We applied key drivers analysis for RA using PCC and MMI as two different inference methods respectively. Both experiments show IPRs, in extracted associated subnetworks, have higher abundance in disease state than in normal state (see Fig. 4). For PCC experiment, annotation shows that most IPRs in subnetwork 335 and 63 are about cell membrane while most IPRs in subnetwork 676, 128, 679 and 680 are about replication and cell growth. Functions for IPRs were inferred according to keywords and Gene Ontology (GO) mentioned in InterPro . Moreover, subnetwork 335 also contains IPR014879(Sporulation initiation factor Spo0A, C-terminal) and IPR013783 (Immunoglobulin-like fold). IPR013783 is about immunoglobulin molecules and T-cell receptor antigen [40, 41], while RA is a disease caused by compromised immune systems .

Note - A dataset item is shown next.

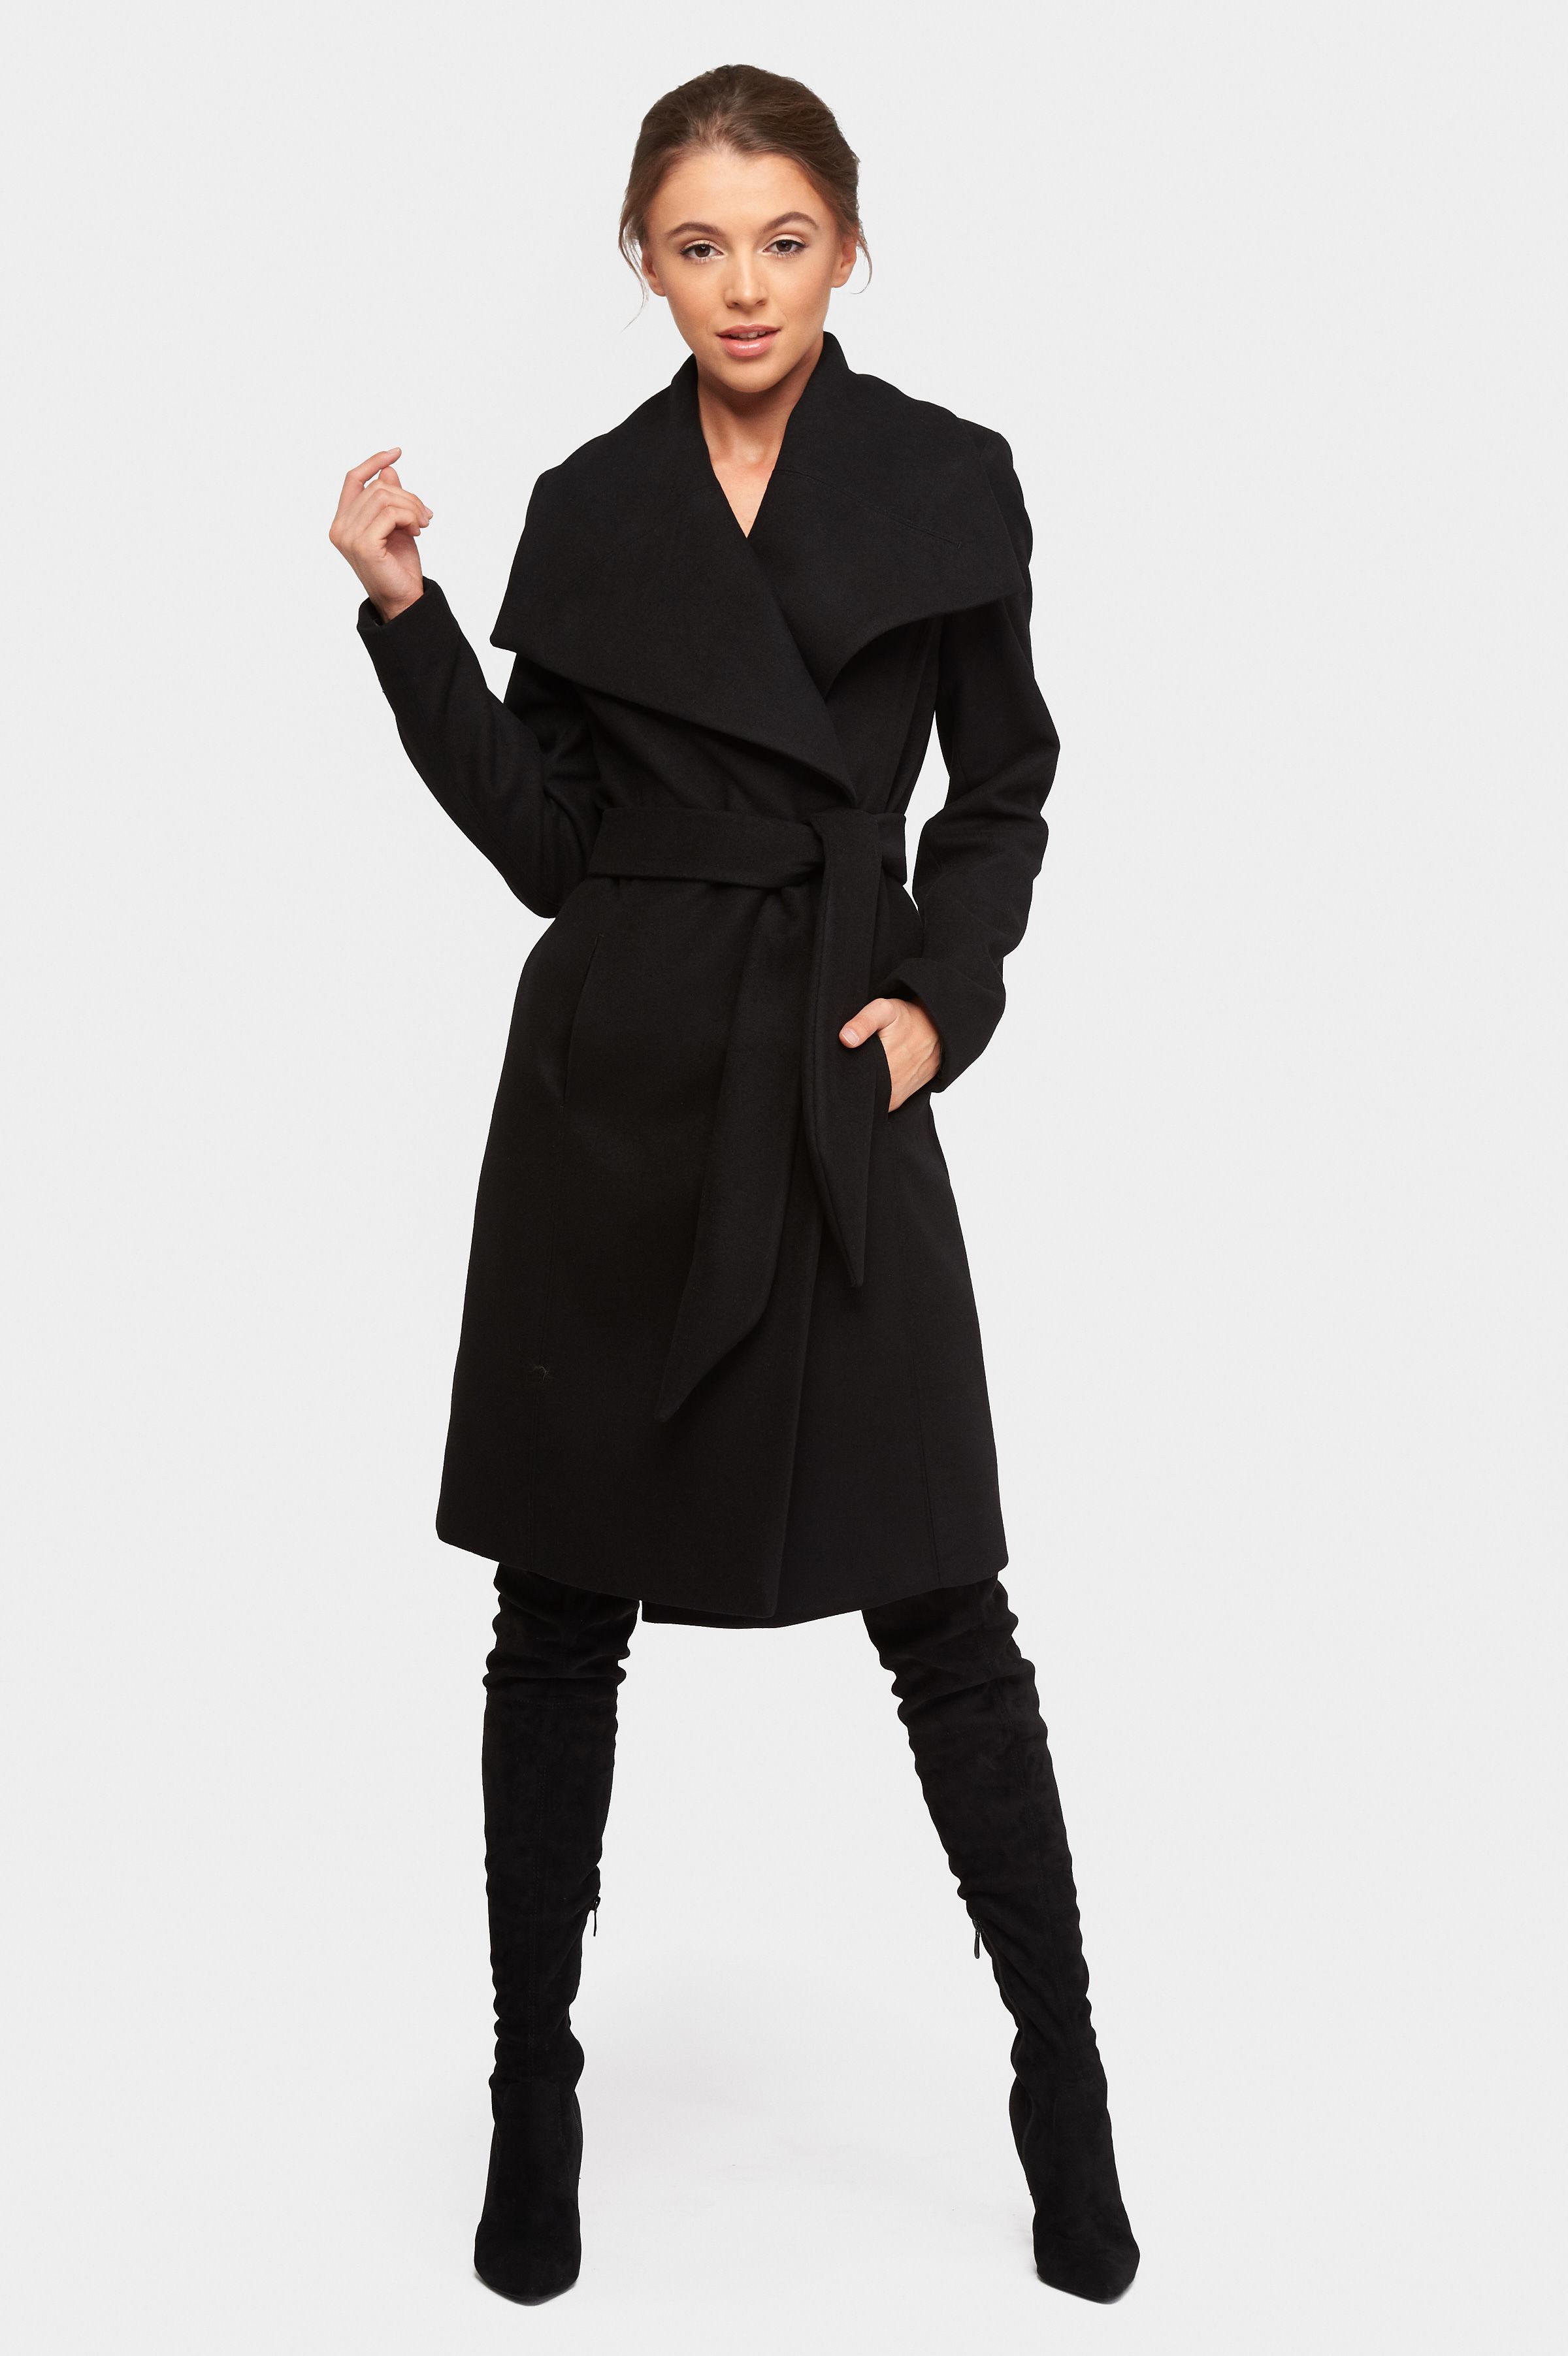 Kabát Adelia - JESEŇ ZIMA 2018 - E-SHOP - Chantall.sk 89706e5b5c

For MMI experiment, subnetwork 1642, which has the largest correlation with delegated phenotype, contains multiple IPRs about biofilm: IPR024487, IPR019669, and IPR010344. There are totally 24 IPRs in this subnetwork and top 5 of them are IPR003496, IPR024205, IPR008542, IPR010344, and IPR019669. Specifically, IPR010344 plays a role in biofilm formation and IPR019669 participates in single-species biofilm formation on the inanimate substrate. The development of biofilms is one of the drivers of persistent infections . Some bacteria, when growing in the biofilm, e.g., Porphyromonas gingivalis in dental plaque, can become destructive and may contribute to RA . Besides, subnetwork 1642 also contains IPR013756, associated with Flaviviruses, and IPR009774, related to hypothetical Streptococcus thermophilus bacteriophage, which hints the infection process in this subnetwork.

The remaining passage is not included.